There’s a touching scene where Pope Francis meets a little boy who has lost his father. The boy stands by the microphone to ask his question: Has my Dad, a non-believer and a “good man”, gone to heaven? The boy is very nervous, breaks down crying, and can’t, at first go, speak his question into the microphone. Francis asks him to approach, and embraces the boy -  warmly, simply. He’s then able to ask his question - only after he's received the warmth and ‘closeness’ of thePapa”. The boy then returns to the crowd. With the boy’s permission, Francis tells us the boy’s question, and - indeed - gets the crowd to answer it. It’s quite a moment! Quite a moment of faith ( in many ways) and one of many from Francis’s extraordinary life. 
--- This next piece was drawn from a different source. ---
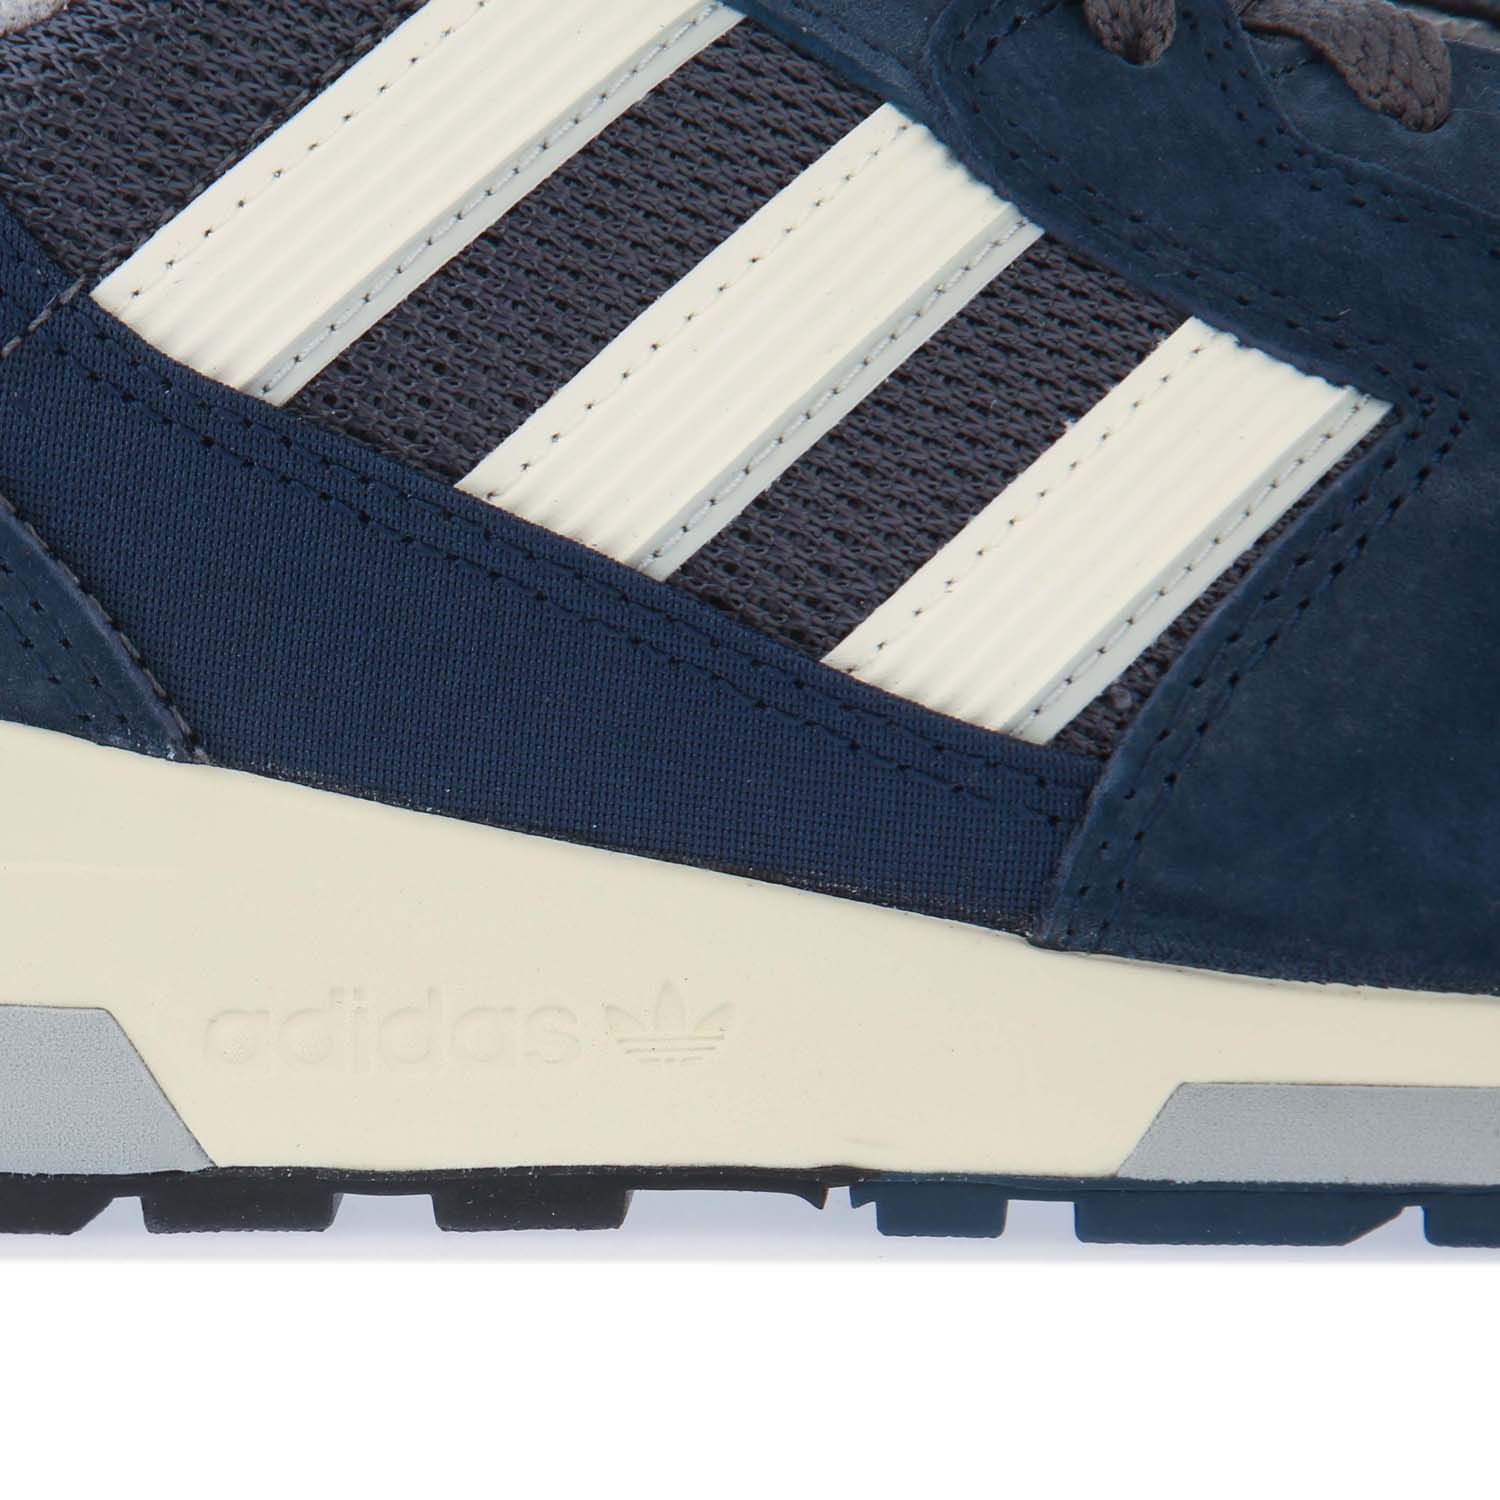 Mens adidas Originals ZX 420 Trainers in navy.- Suede and Mesh upper.- Lace closure.- Low-profile design. - Padded tongue and cuff. - Signature adidas branding.- adidas Trefoil logo on tongue and heel.- EVA midsole.- Rubber Outsole. - Leather upper  Leather lining  Synthetic sole.- Ref.: FZ0145

Before the crowd answers, Francis says these words:

What a beautiful thing that a son says of his father, “he was good”… It’s a beautiful testimony on his son’s part…and that he has the courage to cry before all of us.

And Francis’s own answer to the boy? And his support for the (Catholic) crowd to find their “courage”?

God is the one who decides who goes to heaven…God has the heart of a father, and faced with a Dad [who was a good man]….does God abandon his children?

[Crowd:] “No!”

There you go, Emanuele, this is your answer.****

References:

* Cardinal Timothy Radcliffe’s personal recollection of Francis. See his touching statement and interview, with Cardinal Vincent Nichols, here.

** William C. Braithwaite, The Beginnings of Quakerism (1912), p.424, cited in Ben Pink Dandelion, The Quakers (2008), p.89.

*** Cardinal Timothy Radcliffe, see above source.